## EXERCISE INSTRUCTIONS
Retype the lines below exactly, but only those from the line that has "男, 僧侶の服装, 立っている, 閉じる, 写真, 僧侶, 服装, 仏教の僧侶, 携帯電話を話す, 宗教" through the line that has "M. Tulli Ciceronis". Omit every picture.

## DATA SECTION
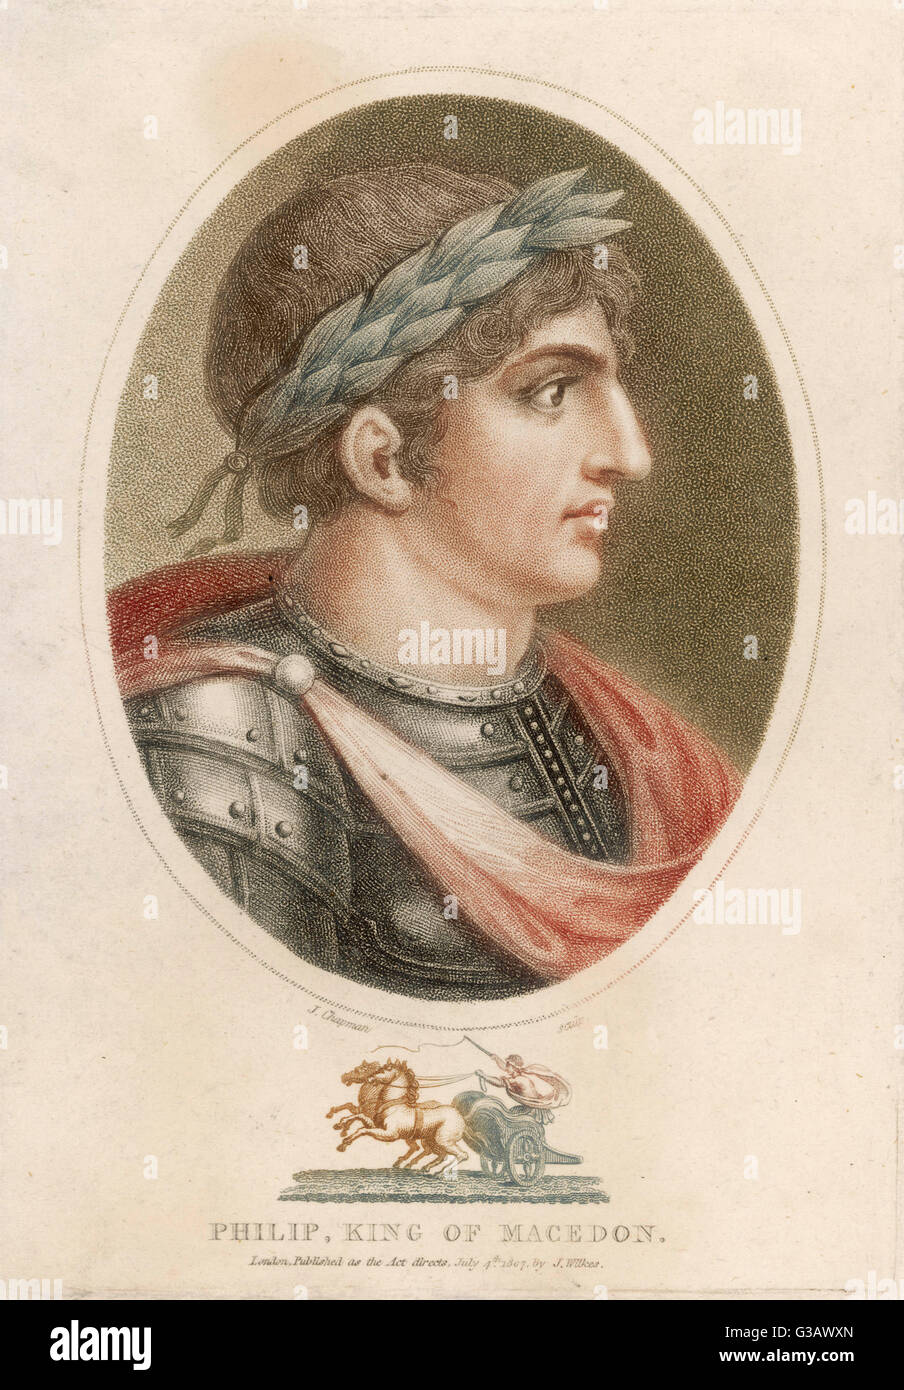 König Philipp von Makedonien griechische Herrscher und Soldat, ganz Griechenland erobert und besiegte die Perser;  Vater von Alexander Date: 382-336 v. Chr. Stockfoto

* * *

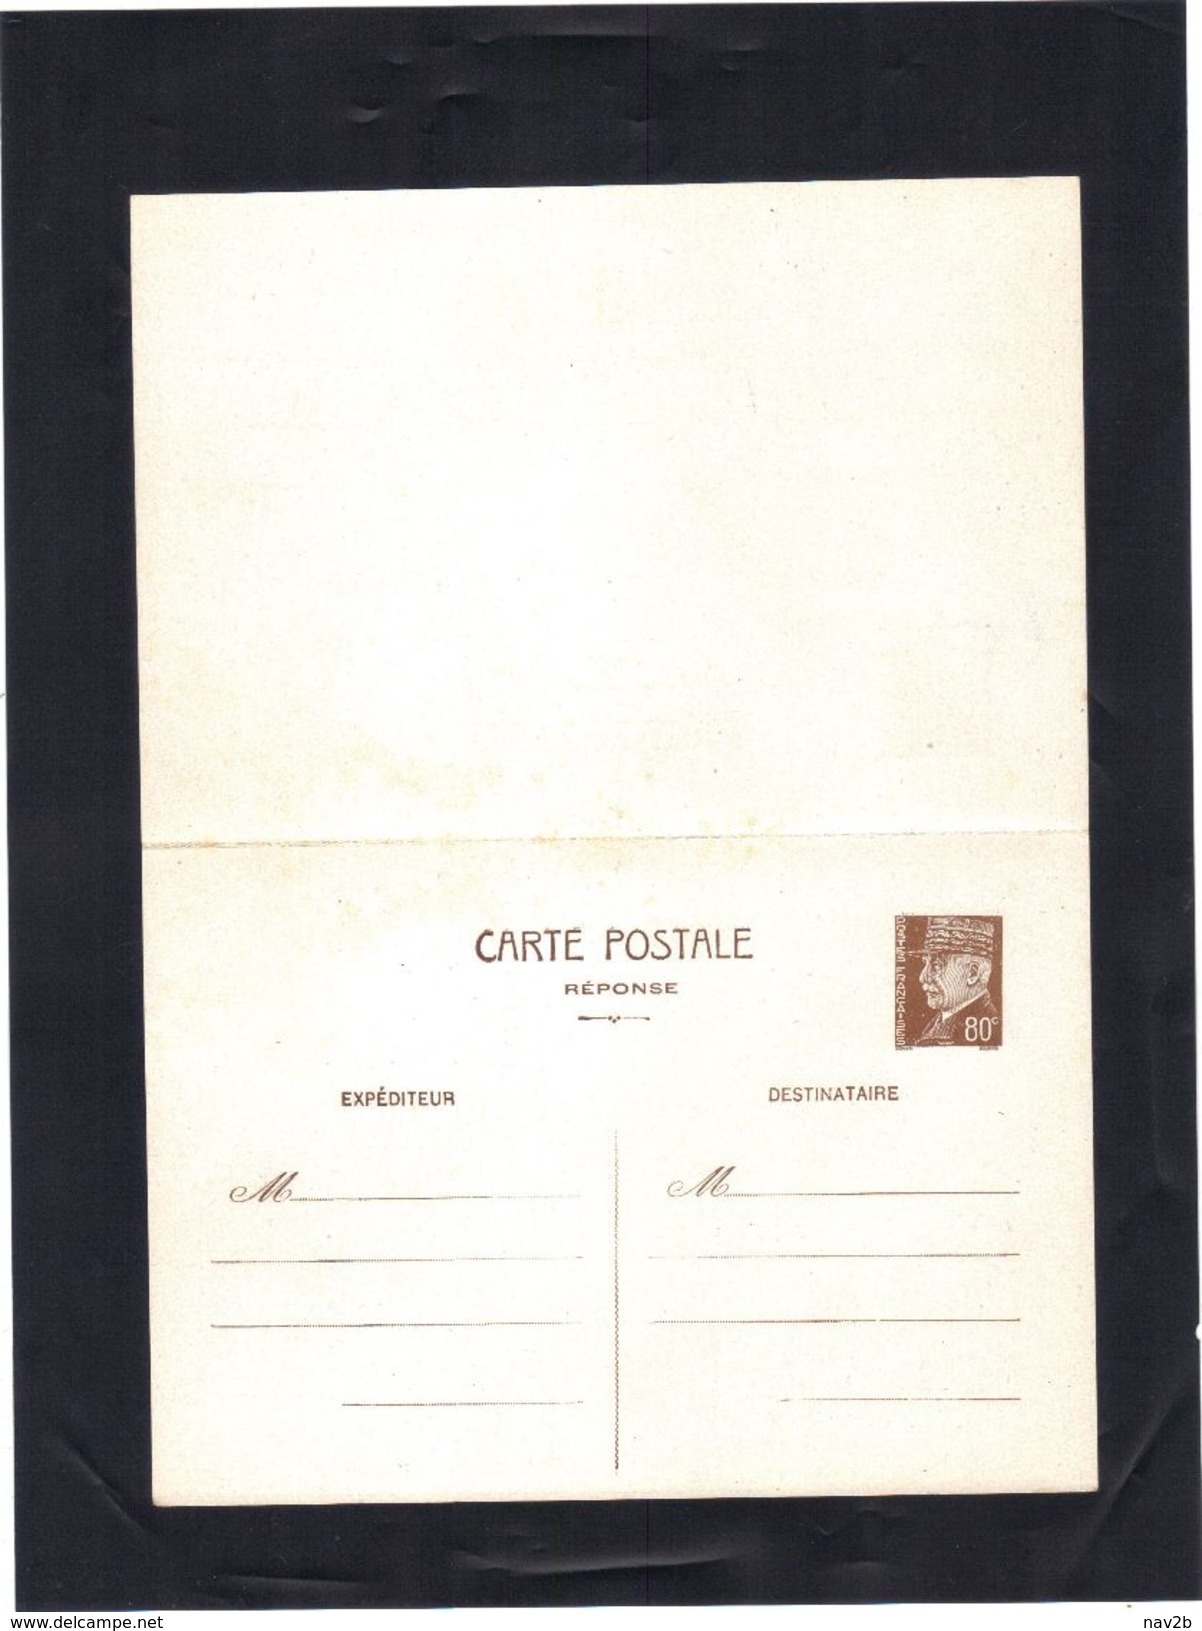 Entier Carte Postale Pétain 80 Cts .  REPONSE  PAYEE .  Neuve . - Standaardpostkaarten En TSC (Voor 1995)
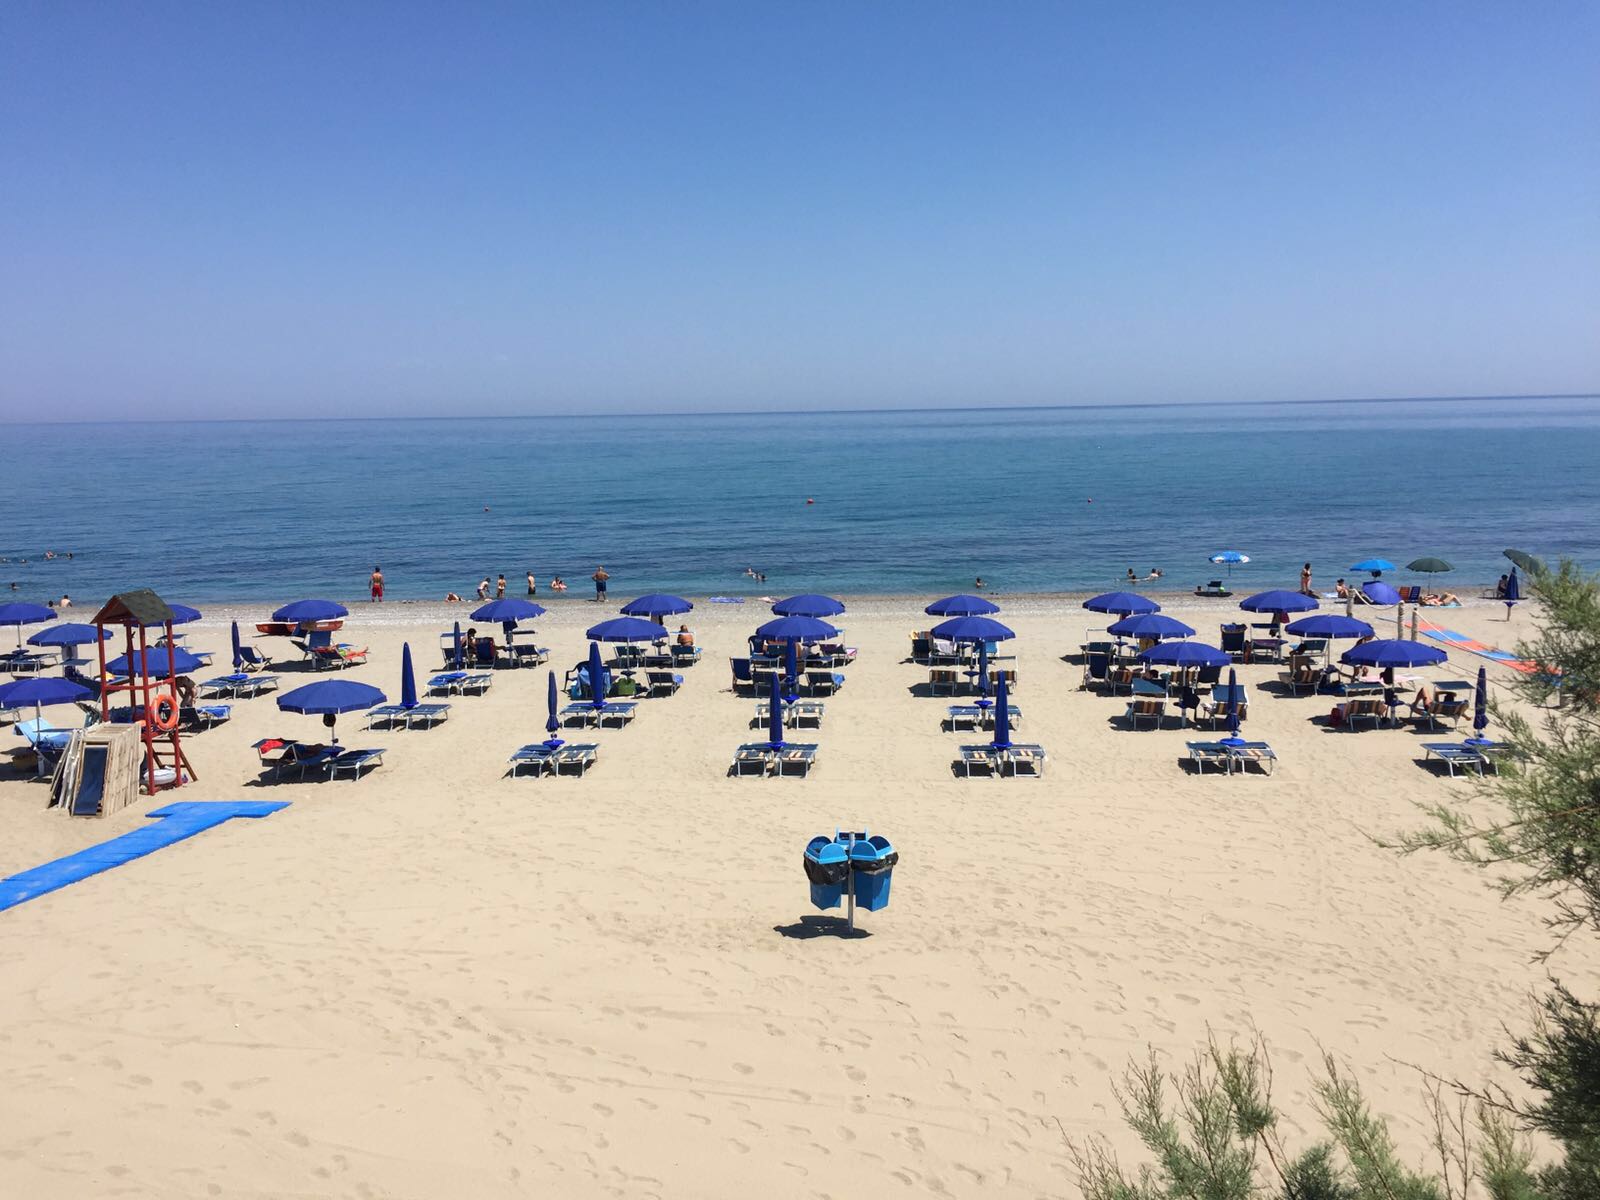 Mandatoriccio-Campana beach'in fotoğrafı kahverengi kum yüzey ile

--

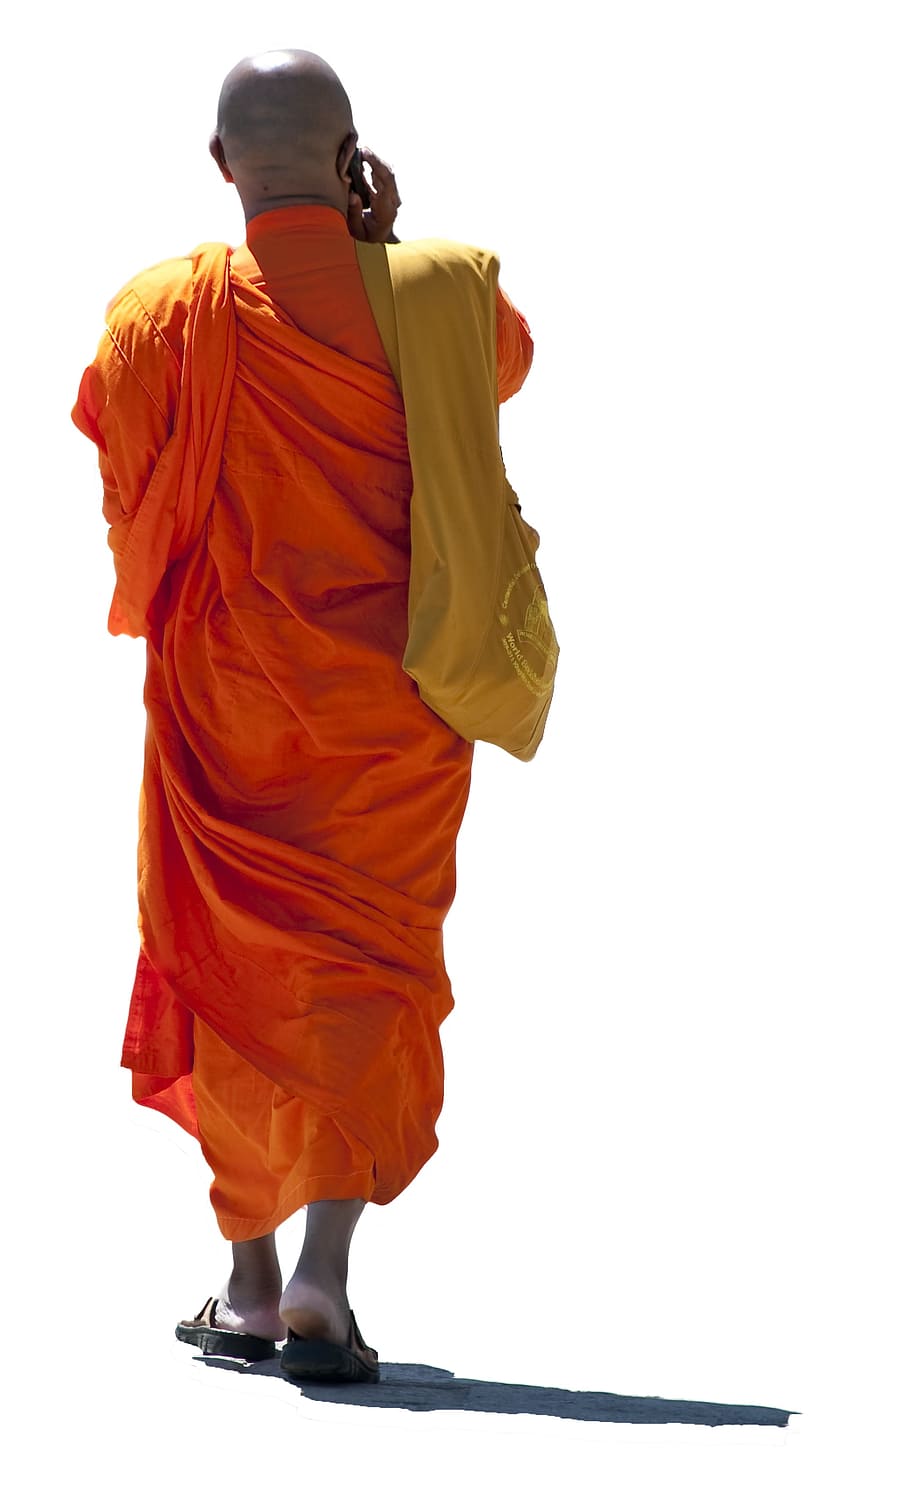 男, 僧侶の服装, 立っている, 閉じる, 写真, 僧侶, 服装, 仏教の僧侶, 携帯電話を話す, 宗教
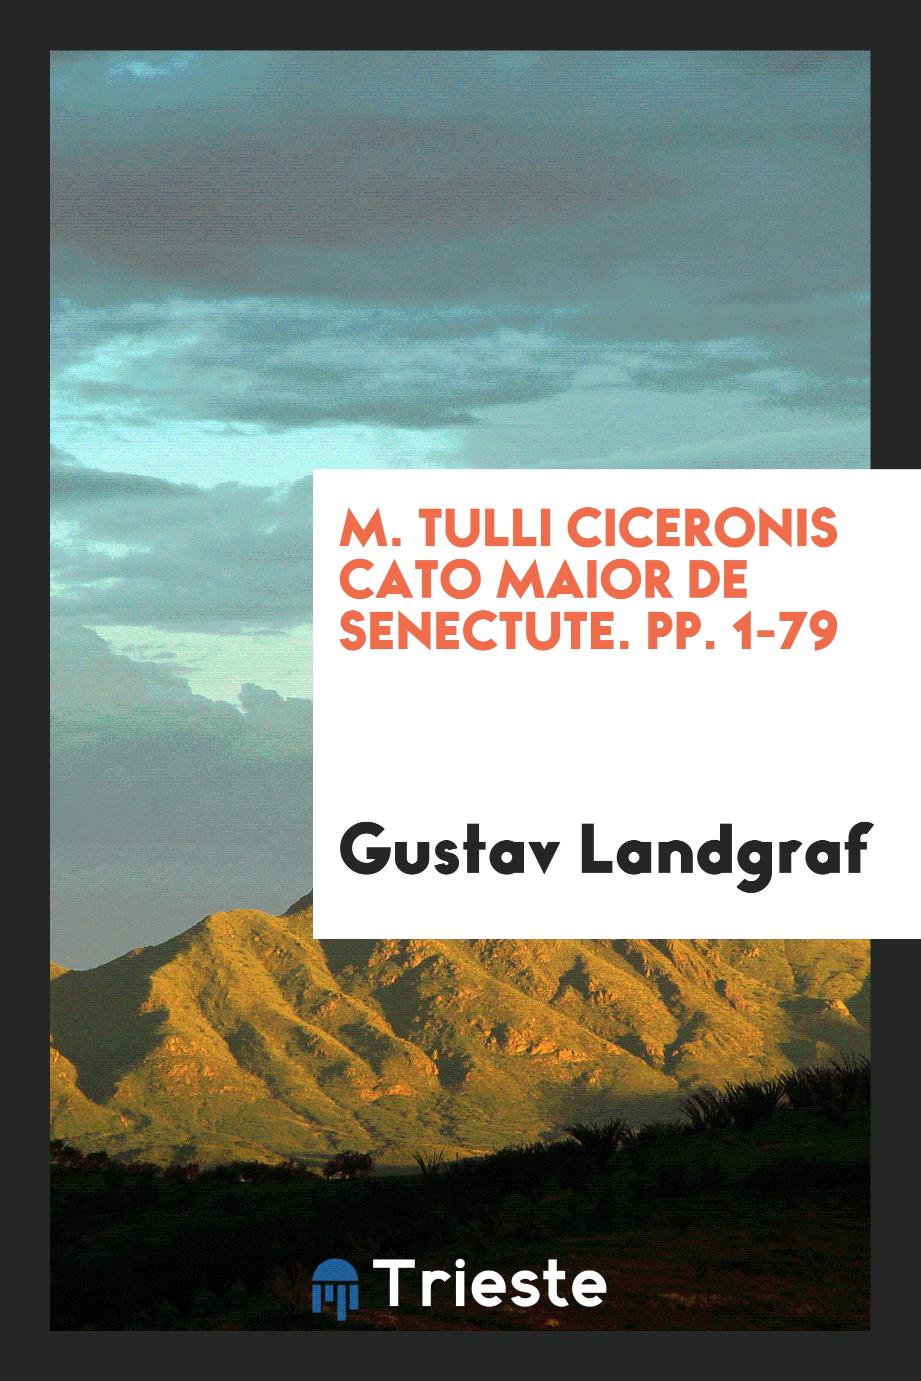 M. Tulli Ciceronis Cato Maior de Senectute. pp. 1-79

## ANSWER BOX
 男, 僧侶の服装, 立っている, 閉じる, 写真, 僧侶, 服装, 仏教の僧侶, 携帯電話を話す, 宗教
 M. Tulli Ciceronis Cato Maior de Senectute. pp. 1-79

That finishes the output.